The last time anyone counted, the United States had roughly eight days worth of the weapons it would need in a grinding fight against China. Not eight months. Not eight years. Eight days.
That number comes from Palantir CTO Shyam Sankar, the company's thirteenth employee when he joined in 2006, and it is the number that explains why Anduril, the defense startup co-founded by Trae Stephens, just opened a one-billion-dollar factory south of Columbus, Ohio. According to Reuters, the Arsenal-1 manufacturing campus covers five million square feet and is expected to employ more than four thousand people over the next decade. It builds drones designed to be cheaper than the missiles aimed at them. And it represents an answer to a question the US defense establishment has been avoiding since Ukraine burned through ten years of American weapons production in ten weeks of fighting.

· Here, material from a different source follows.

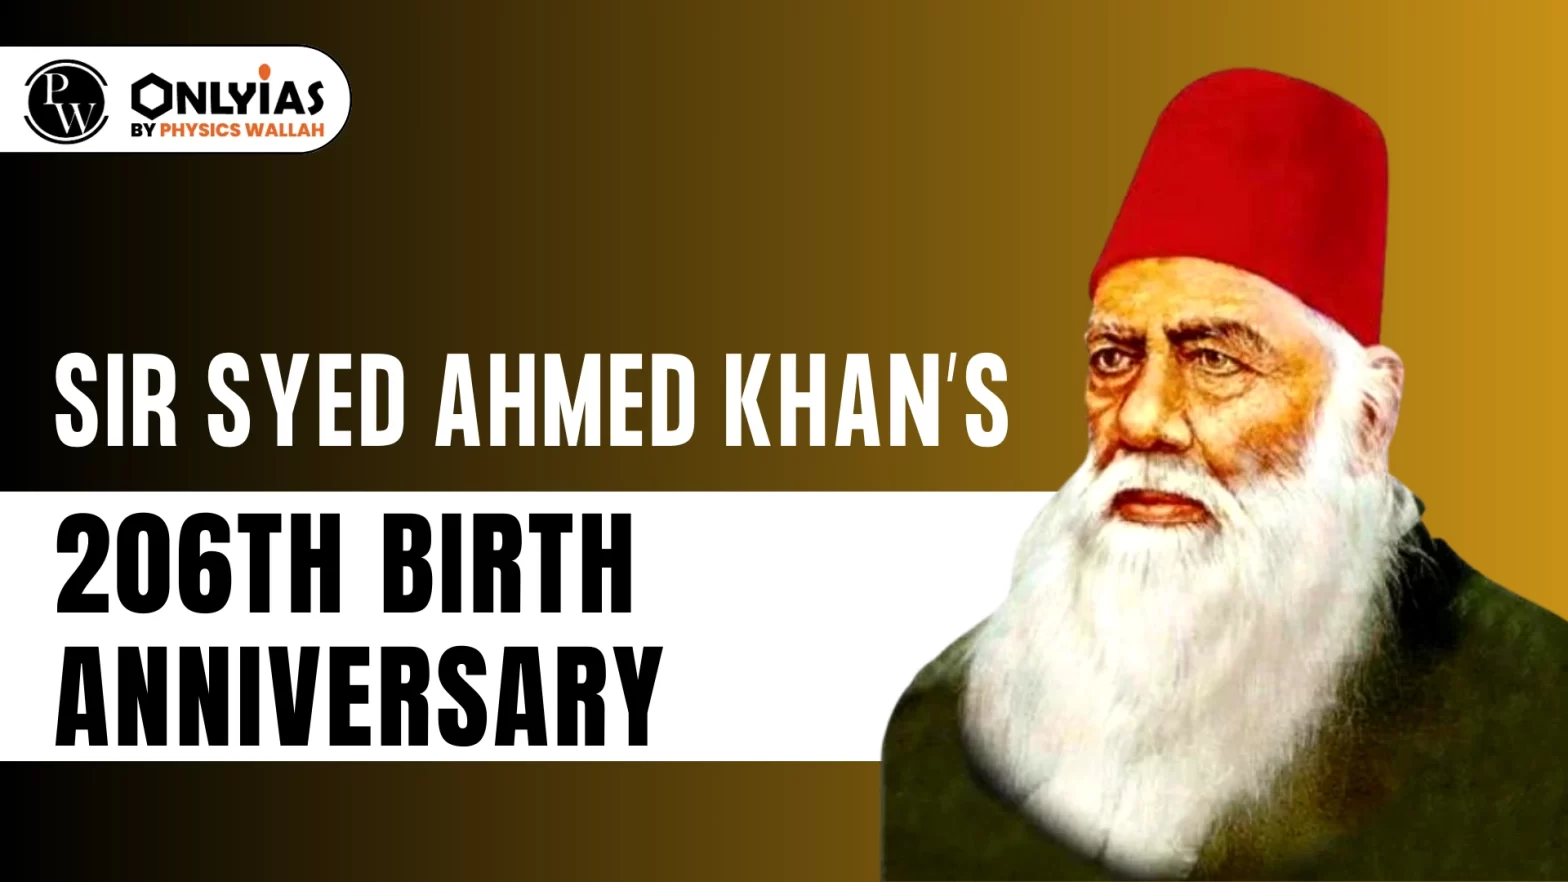 Sir Syed Ahmed Khan’s 206th Birth Anniversary

Ukraine showed what modern attritional warfare actually costs in hardware. "Our adversaries are not coming at us with ten-plus million dollar fighter planes," Stephens told Fox Business. "They are coming at us with very, very low-cost munitions." When your enemy can spend fifty thousand dollars on a drone that destroys a tank, the math of deterrence stops working.
Anduril's answer is the YFQ-44A Fury, a collaborative combat aircraft that flies alongside crewed jets. Per Defense One, Anduril started armed flight testing of the system in February 2026 and is one of three companies competing for the Air Force's Collaborative Combat Aircraft program, alongside General Atomics and Northrop Grumman. The first product off the line at Arsenal-1 will be the Fury.

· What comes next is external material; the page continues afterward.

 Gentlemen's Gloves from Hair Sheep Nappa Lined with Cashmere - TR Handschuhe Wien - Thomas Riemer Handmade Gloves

The production line can build up to fifty aircraft per shift, according to Jason Levin, head of production at Anduril. Per Inside Unmanned Systems, at three shifts per day that works out to a theoretical maximum of one hundred and fifty aircraft per year. It is a number Anduril's marketing materials emphasize. It is also a line rate, not an order volume. The Air Force has not committed to buying one hundred and fifty of anything. The CCA competition is still running. What Anduril can build and what the Pentagon will actually pay for are two different questions.
Stephens has made the industrial base argument in multiple forums. His framing is blunt: Congress has done nothing on immigration despite seventy to eighty percent public support for reform, he told Reuters. The implication is that waiting for the legislative branch to fix the weapons stockpile is not a strategy. Anduril building the factory is the path.

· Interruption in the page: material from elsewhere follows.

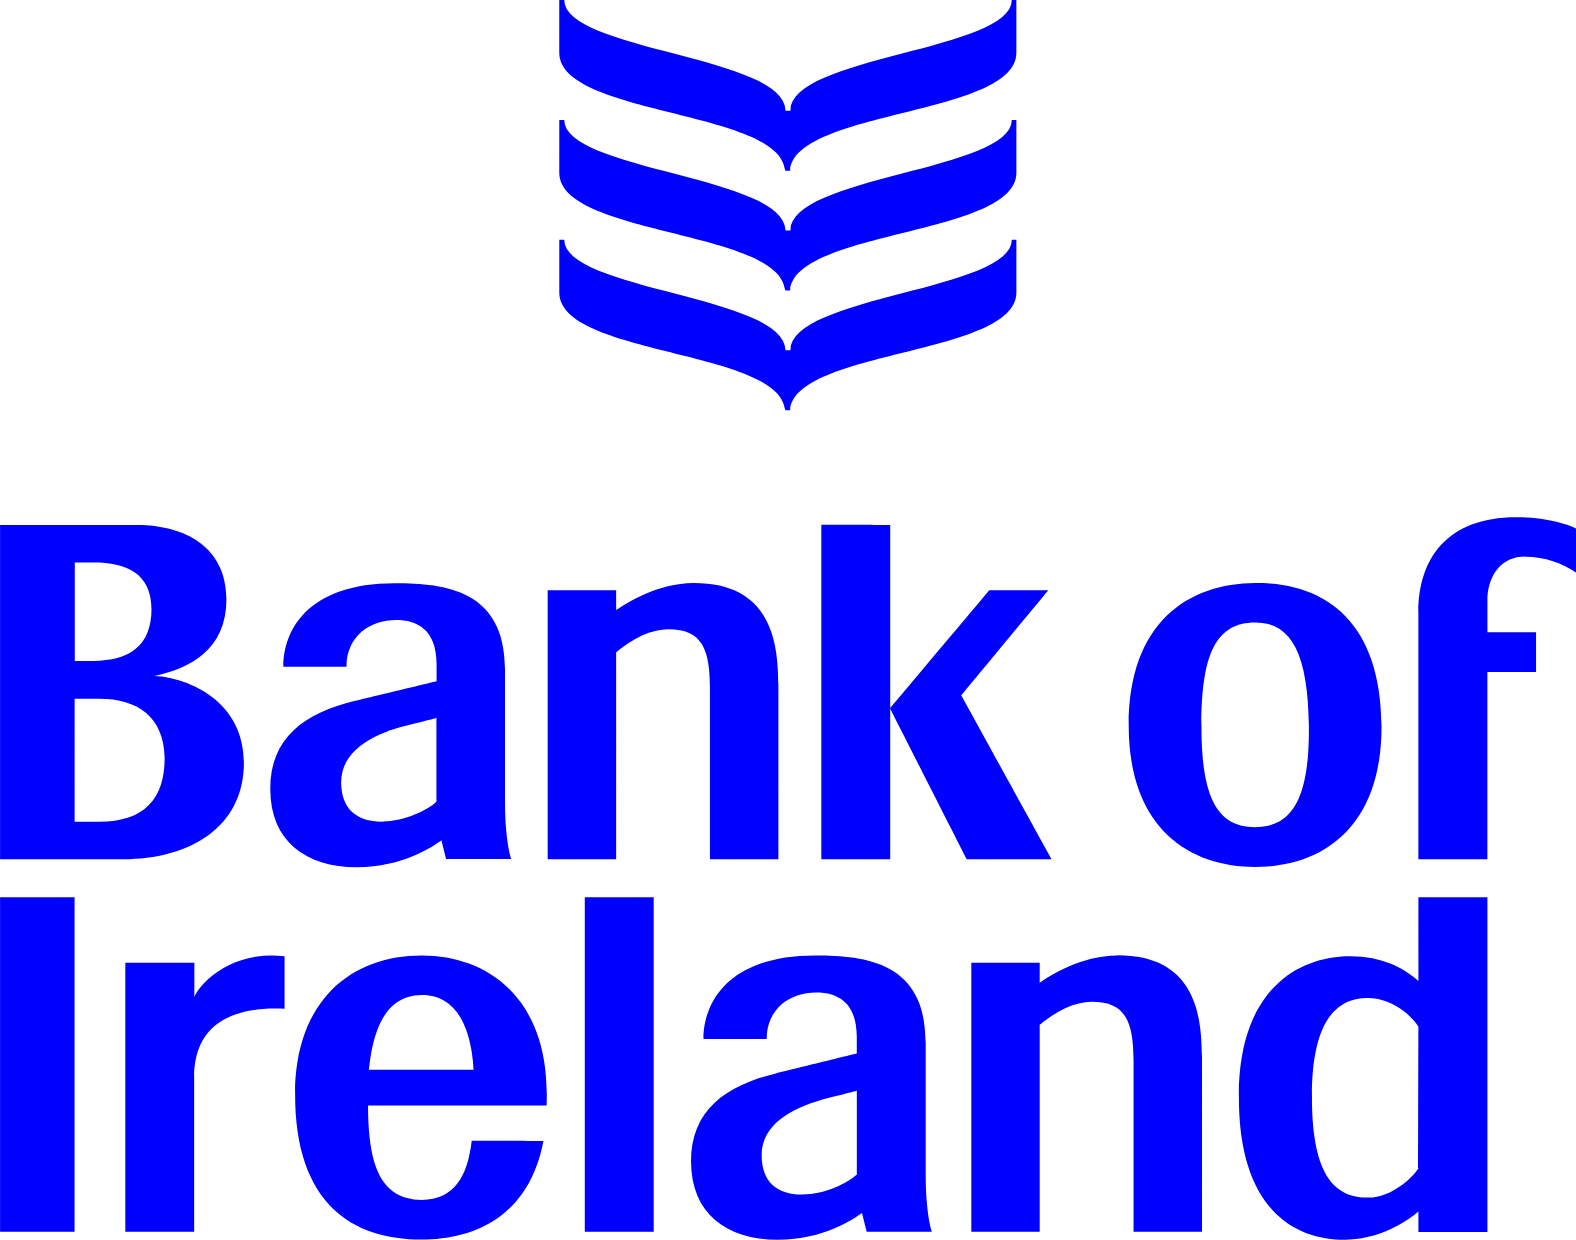 Bank of Ireland Group logo large (transparent PNG)

There is something to that argument. Sankar made the eight-day figure and the WWII precision statistic on Fox News: in World War II, only six percent of bombs dropped hit their targets. Modern precision-guided munitions changed that calculus, but they are expensive and slow to produce. Ukraine demonstrated that attritional conflict consumes industrial output at a rate no peacetime supply chain was designed to sustain. His broader point was that US weapons stockpiles had been drawn down without being replenished at the rate peer competition requires.
The US Air Force, during its confrontation with Iran, conducted two thousand strikes in forty-eight hours using AI-enabled systems. Per Fox News, planning happened in a fraction of the time prior conflicts required and strike volume per day was more than double what similar-scale operations produced a generation earlier. This is the future Sankar and Stephens are selling: not a few exquisite platforms, but swarms of capable, cheap, replaceable ones.
Whether Anduril can deliver that future is another question. The company has a track record of bold timelines that compress under pressure. Arsenal-1 was originally scheduled to begin production in July 2026. Per Defense One, production is imminent as of March 2026, which suggests either genuine acceleration or retroactive calendar adjustment. The four thousand jobs over the next decade are a mix of current hires and future headcount, the kind of window that lets a company claim credit for employment that does not yet exist.
The people working the line at Arsenal-1 are part of this story too. Four thousand manufacturing jobs in southern Ohio is a deliberate choice. Anduril is not subtle about the political dimension. Stephens has argued that legislative failures on immigration and industrial policy are why the private sector had to act. The factory is the argument.
What happens next depends on what the Air Force decides. The CCA competition will determine which companies get the first major production contracts for collaborative combat aircraft. Arsenal-1 is designed to scale if those contracts materialize. If they do not, the factory becomes an expensive monument to a theory of warfare that has not yet been proven at the tempo Anduril is promising. The drones are real. The question is whether anyone in Washington will buy enough of them, fast enough, to matter.